Wanda bit her lip and looked over at Wade. "I would be interested in seeing who brokered those transactions and if it ended up in a poor security museum on purpose."

Every now and then, the tiny tweaks in this new Wanda didn't seem quite so tiny - like how she wasn't running herself ragged looking for whoever it was that'd killed Agatha Harkness. Shaking his head a little, Wade said, "My contacts won't be much good on that front, but Marie-Ange has the whole art thief network thing. I can see if Fe's got any intel, too, while you work your Agatha angle?"

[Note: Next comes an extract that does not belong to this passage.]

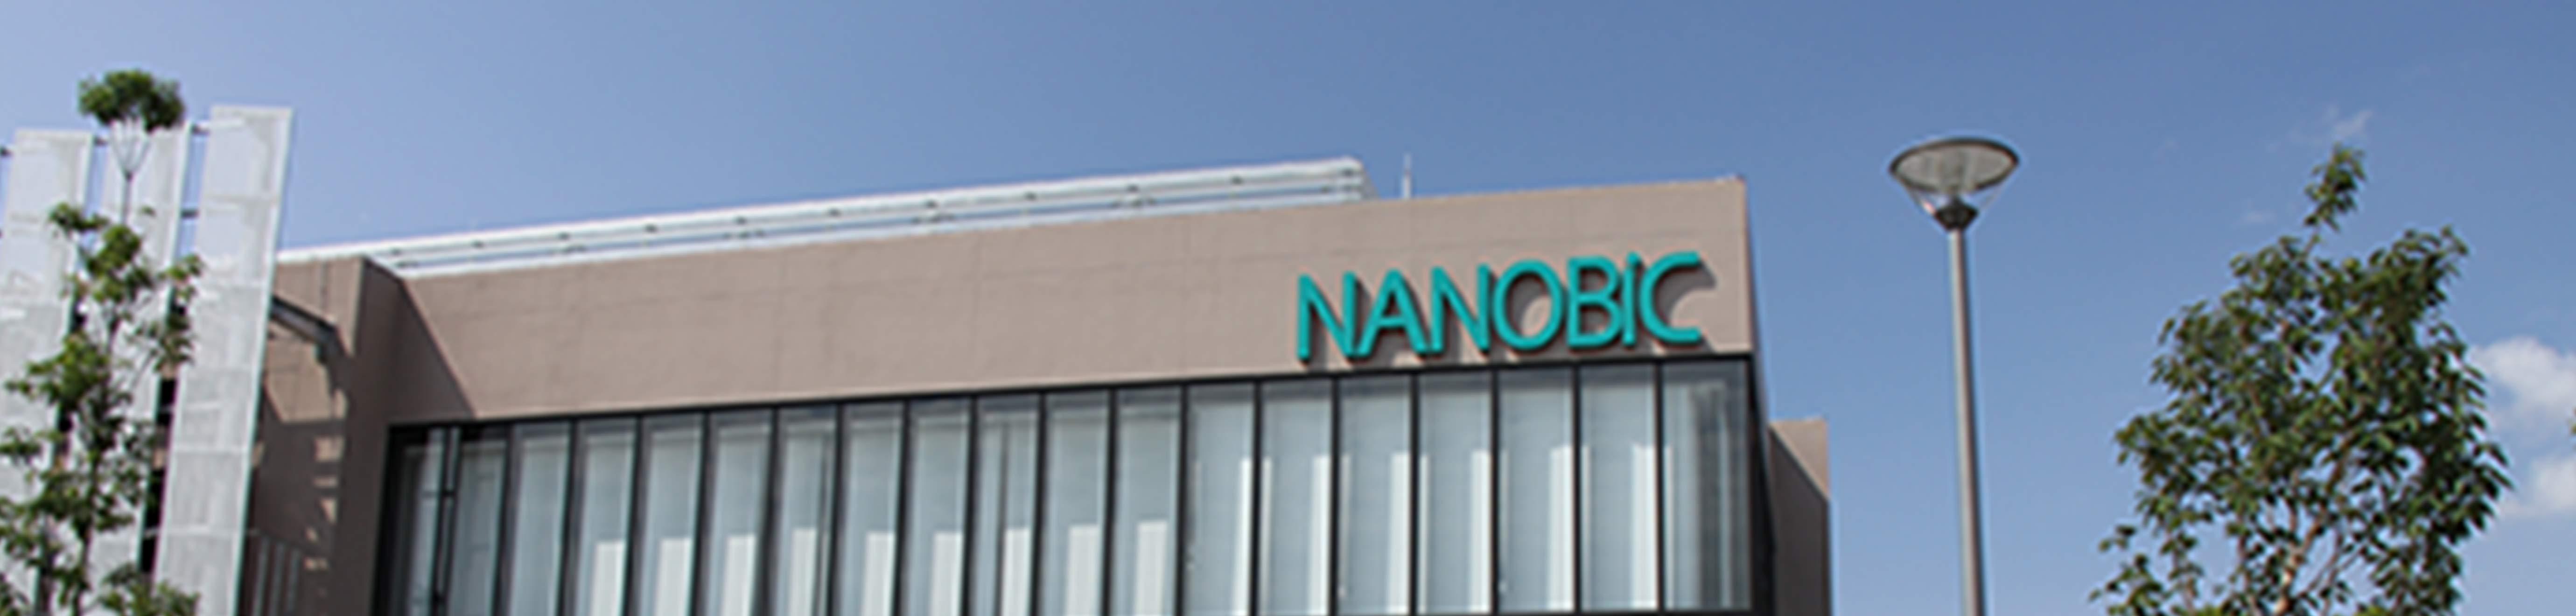 NANOBIC事業概要詳細ページを表す画像
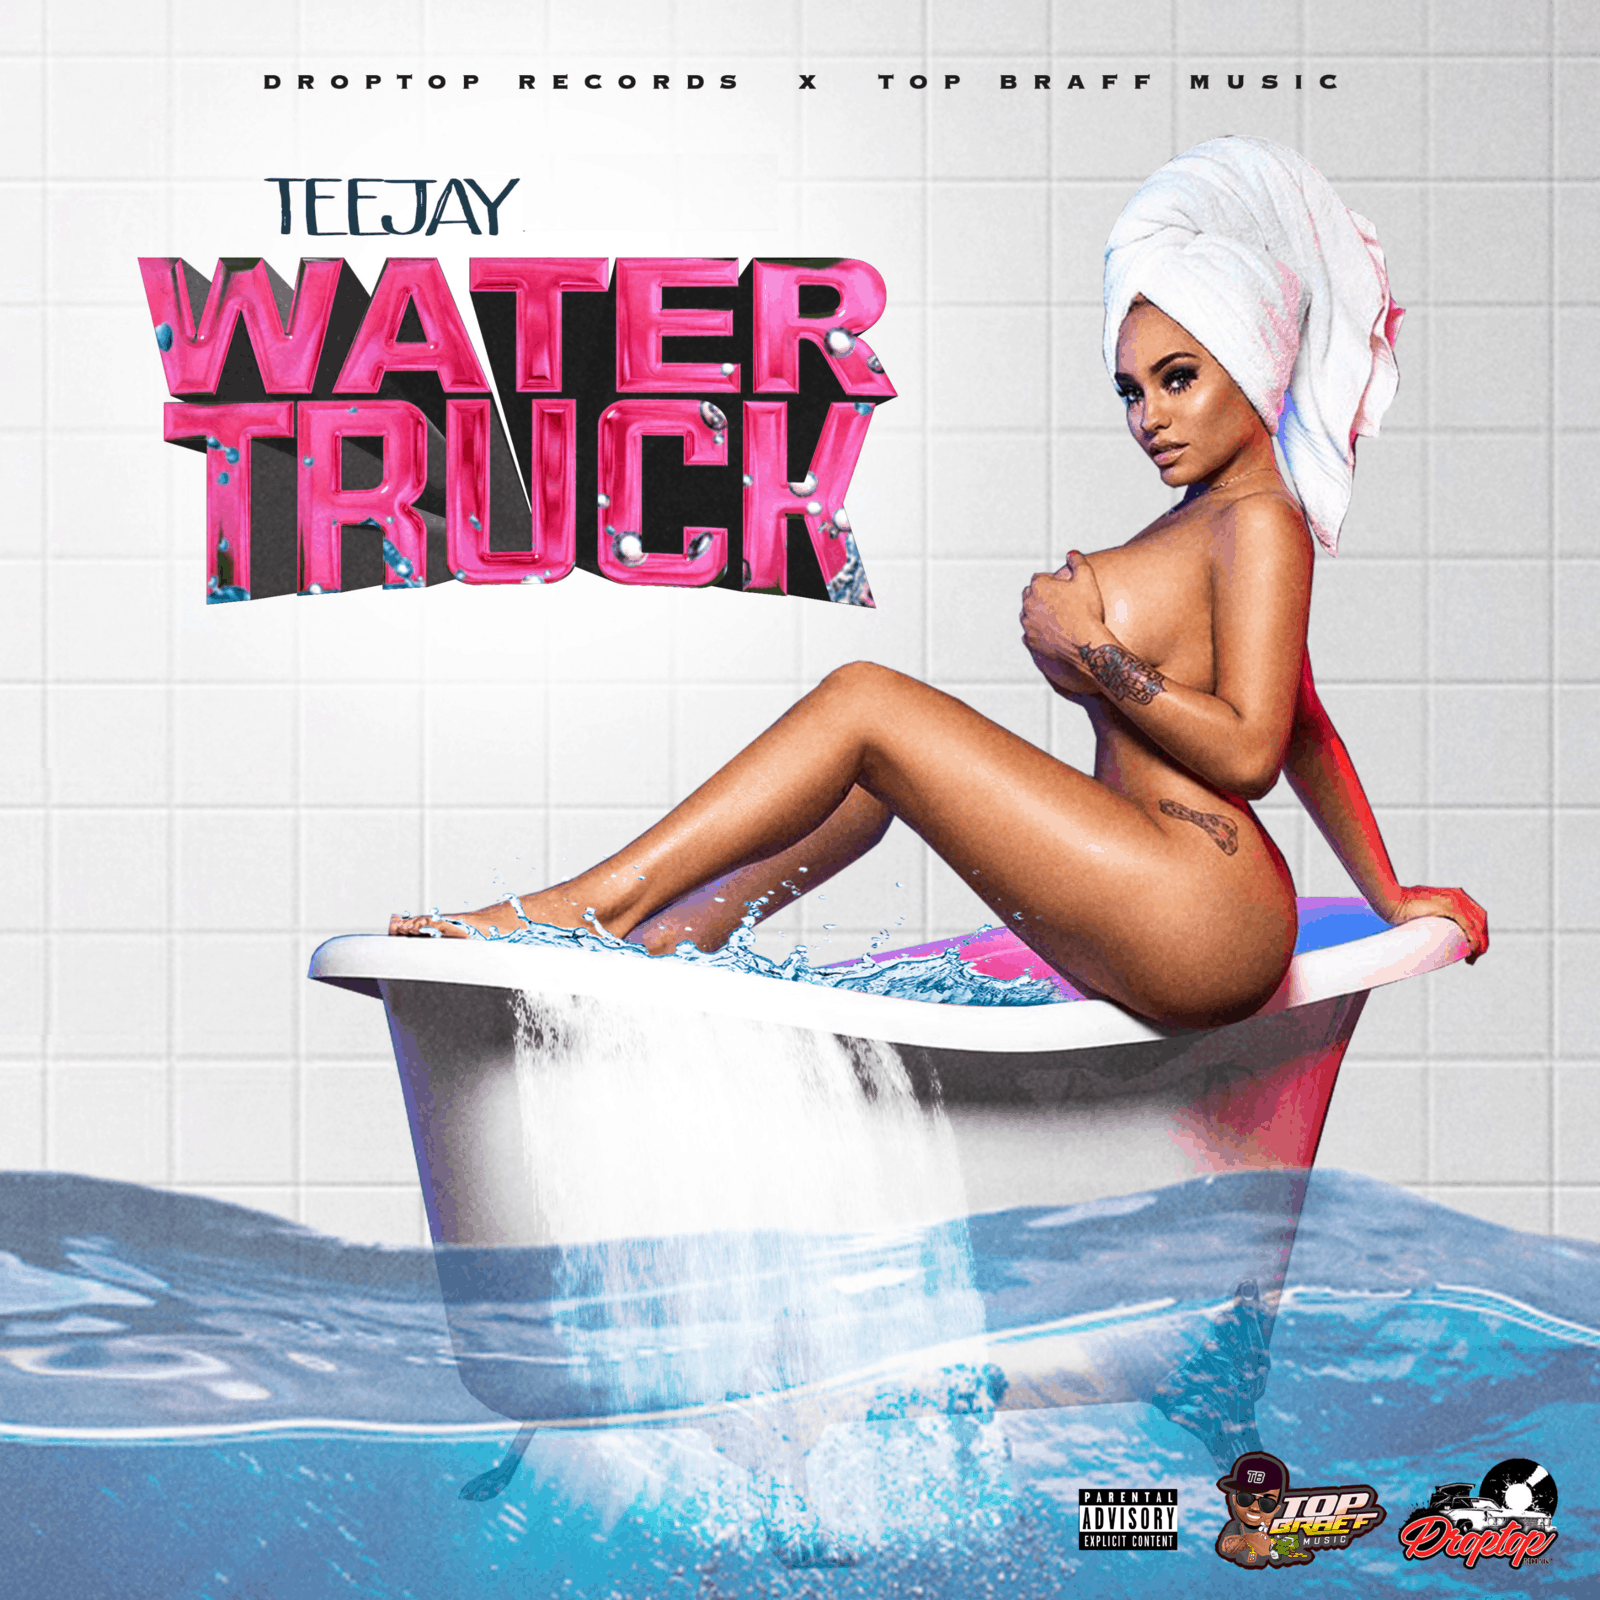 Teejay - Water Truck - DropTop Records

There was going to need to be far more coffee. "Check with the ladies while I set another pot on to brew and then give Agatha a call. Meet back here in a few hours?" But she wasn't waiting for her answer. She really, really needed more coffee.



Emma Skypes Marie-Ange to tell he about her research into very old shoes.



Despite the telepathy, sometimes it was just easier to Skype. Emma raised her champagne flute as Marie-Ange appeared on screen. "I think we need to talk about shoes," she said. "Specifically, very tiny shoes, fit for a princess of the Qing dynasty." She frowned. "Have you ever seen a lotus shoe up close, Marie-Ange? I wear six-inch spike heels for fun and profit and I..." Emma stopped and thought for a second. "They are not pleasant things."

"I have seen pictures of them. I saw the x-ray of a woman's foot. I do not think I want to see the feet." Marie-Ange shuddered visibly. "I cannot - I just cannot imagine how it did not smell terribly. And how the smell did not dissuade people from continuing to do that. At least corset tops and stockings do not smell."

Emma raised an eyebrow. "Well, not unless... Now might not be the time to get into that." She took a moment to do a quick telepathic scan, making sure there were no eavesdroppers. "The Penang State Museum had a number of lotus shoes - not many, but it was a very nice collection. Note that I say was."

"I was hoping this was not going to be that conversation." Marie-Ange pulled a tablet computer into frame and started taking notes. "Shall I guess? Qing Dynasty, but some could be as old as Qin, perhaps, if they did such a thing then?" She flipped her stylus and tapped her tablet, sending a list to Emma's computer. "I have a list so far of the items taken, and some theories, but all very rough. Artie has not gotten back to me yet."

"They covered a range of dynasties," replied Emma. "But they found a lot of pieces in rubbish bins out the back. Like someone stole them all, then sat in the alley and ripped them all apart. There's no telling which ones they were actually looking for, but they've nearly all been destroyed."

"And the destruction means it is nearly impossible to tell if any are missing altogether." Marie-Ange guessed. "Artie and I spoke to a friend of a friend. Her gallery was vandalized, pots smashed, glass everywhere, and in all that, some Qing era forgeries stolen. I would bet real money that your shoe museum had some fake shoes, and they are all gone, not in little pieces in the rubbish bin."

“It would definitely fit the pattern so far,” Emma agreed. “I’ll be in this part of the world for a couple of days, so if you need me, just call. In the meantime, I’m going to drink to forget that there was ever such a thing as a lotus shoe or a foot that was made to fit in a lotus shoe. Chin chin.” Emma raised her glass at Marie-Ange in farewell as she cut the Skype connection.